The “uncontrolled militias” and the motives and perpetrators behind them is the latest apparent issue concerning the Iraqi government, Iraqi public opinion, and to some extent, the United States. The terminology itself could also be viewed as a new justification utilized by the pro-Iran camp to continue its denial of connection with activities committed by its directly affiliated proxy militias in Iraq.

Akin to many other regional political crises or conflicts, Iraqi geopolitics requires understanding its complexities beyond the common approach. For instance, one cannot view the Hashd al-Shaabi or Popular Mobilization Forces (PMF) only through its chronicles being ultimately a 'Shia majority' or a 'Pro-Iran' organization overlooking its Intra-Shia rivalry, which presents a major ideological and political rift between Iran and Iraq.

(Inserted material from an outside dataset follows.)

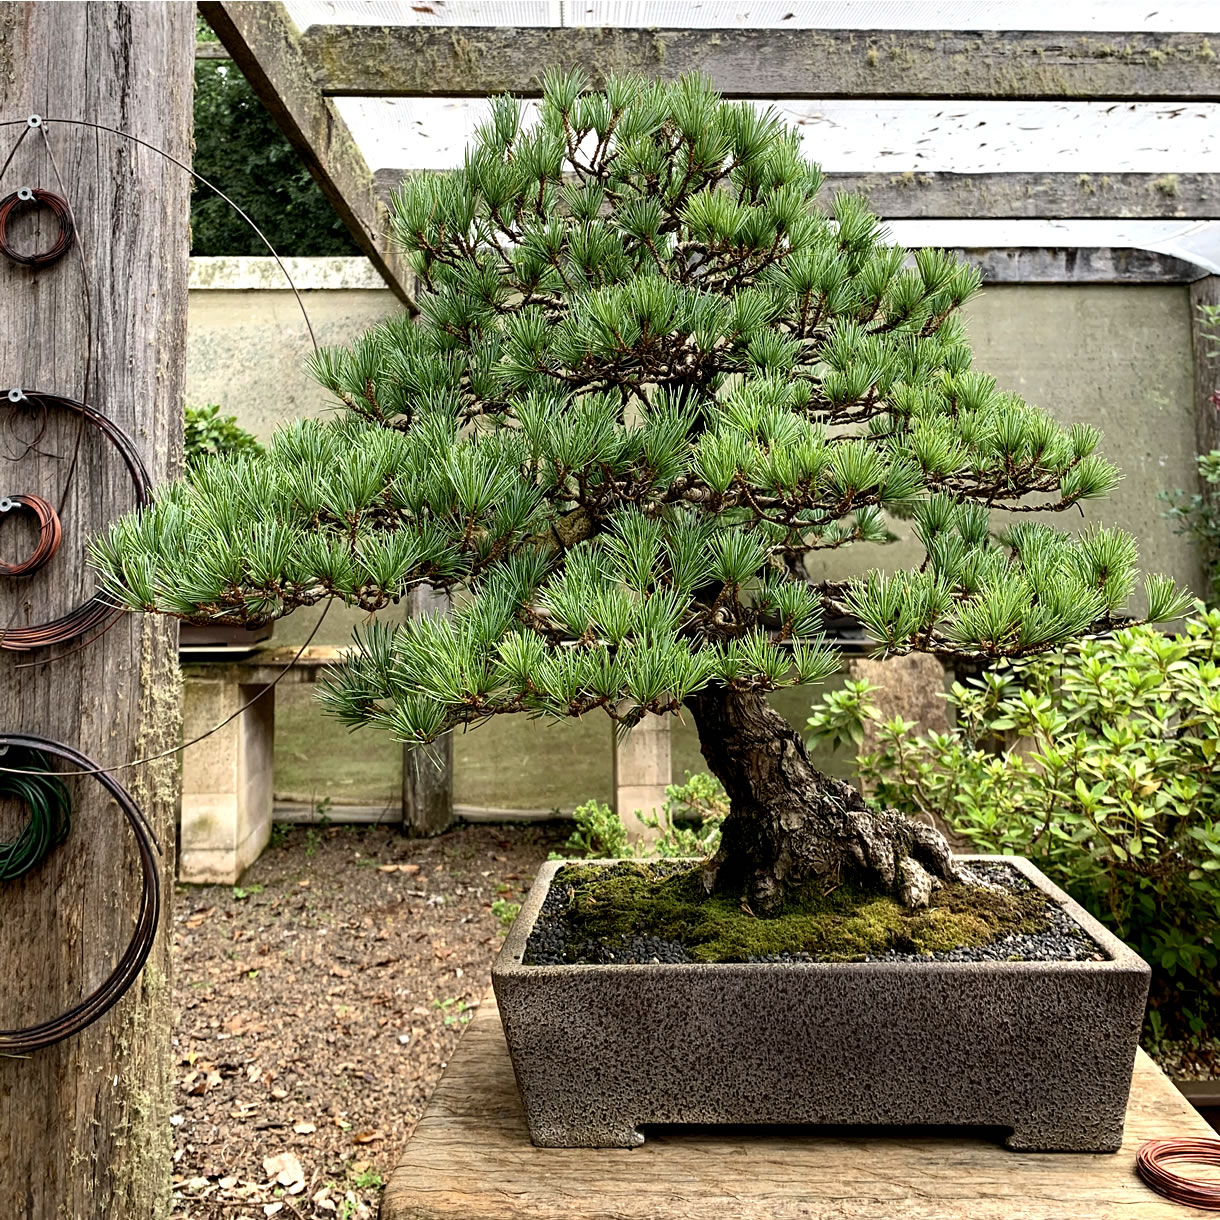 goyo matsu australian bonsai gallery 39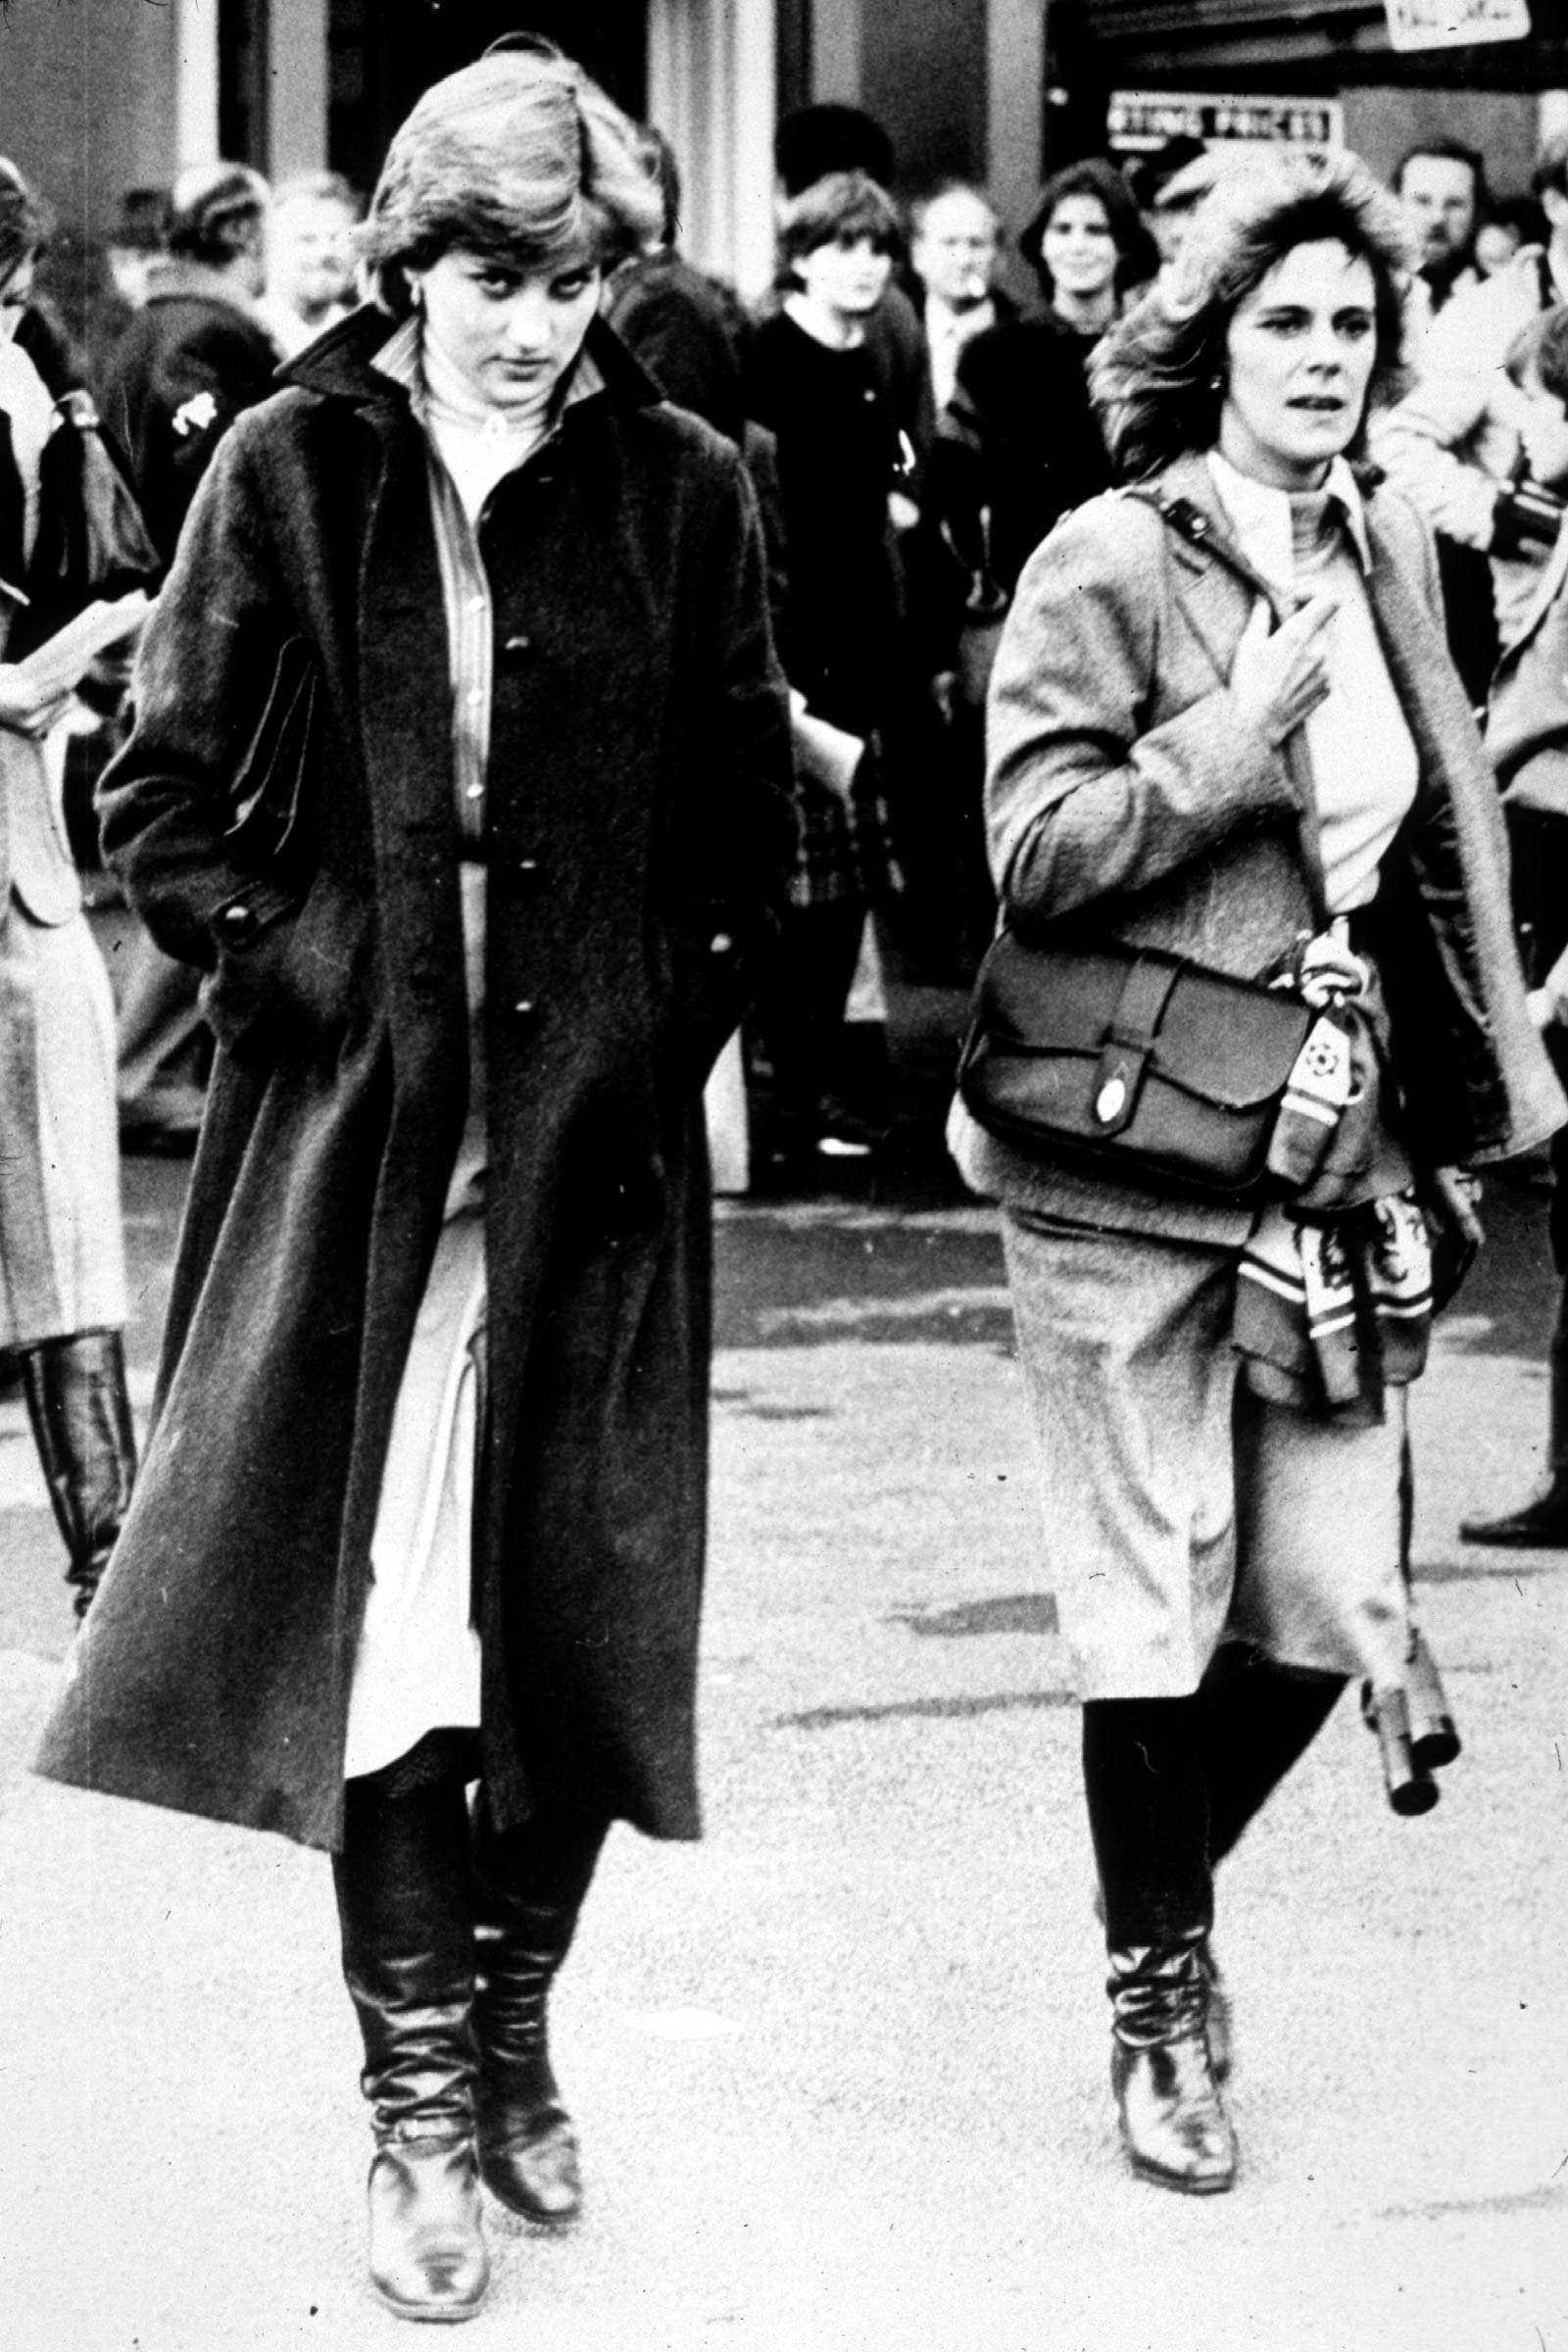 Lady Diana Spencer (later Princess Diana) and Camilla Parker Bowles

The significant distinction increasingly emerged during Iraq's October uprising (2019-2020). PMF enjoyed considerable popularity and respect in many areas across Iraq following the defeat against the terrorist organization and the self-proclaimed Islamic State of Iraq and the Levant (ISIL) circa 2017. Despite significant reservations from many Sunni communities who experienced human rights violations by the group based on false affiliations with ISIL. In October 2019, as the protests mainly took place in Baghdad and the Shia-majority southern provinces, PMF groups started attacking peaceful protesters from their own sect – and here was the distinction necessary. The pro-Iran militias within the PMF did not fight ISIL to defend Iraq or its Shia community from ISIL; they supported the pro-Tehran political class in Baghdad. When the communities threatened this political class's destiny, it claims to represent Iran's greediness to maintain power and influence in Iraq was evident through the Iranian ambassador’s anti-protest statements and pro-Iran political parties and groups politically and physically attacking protesters.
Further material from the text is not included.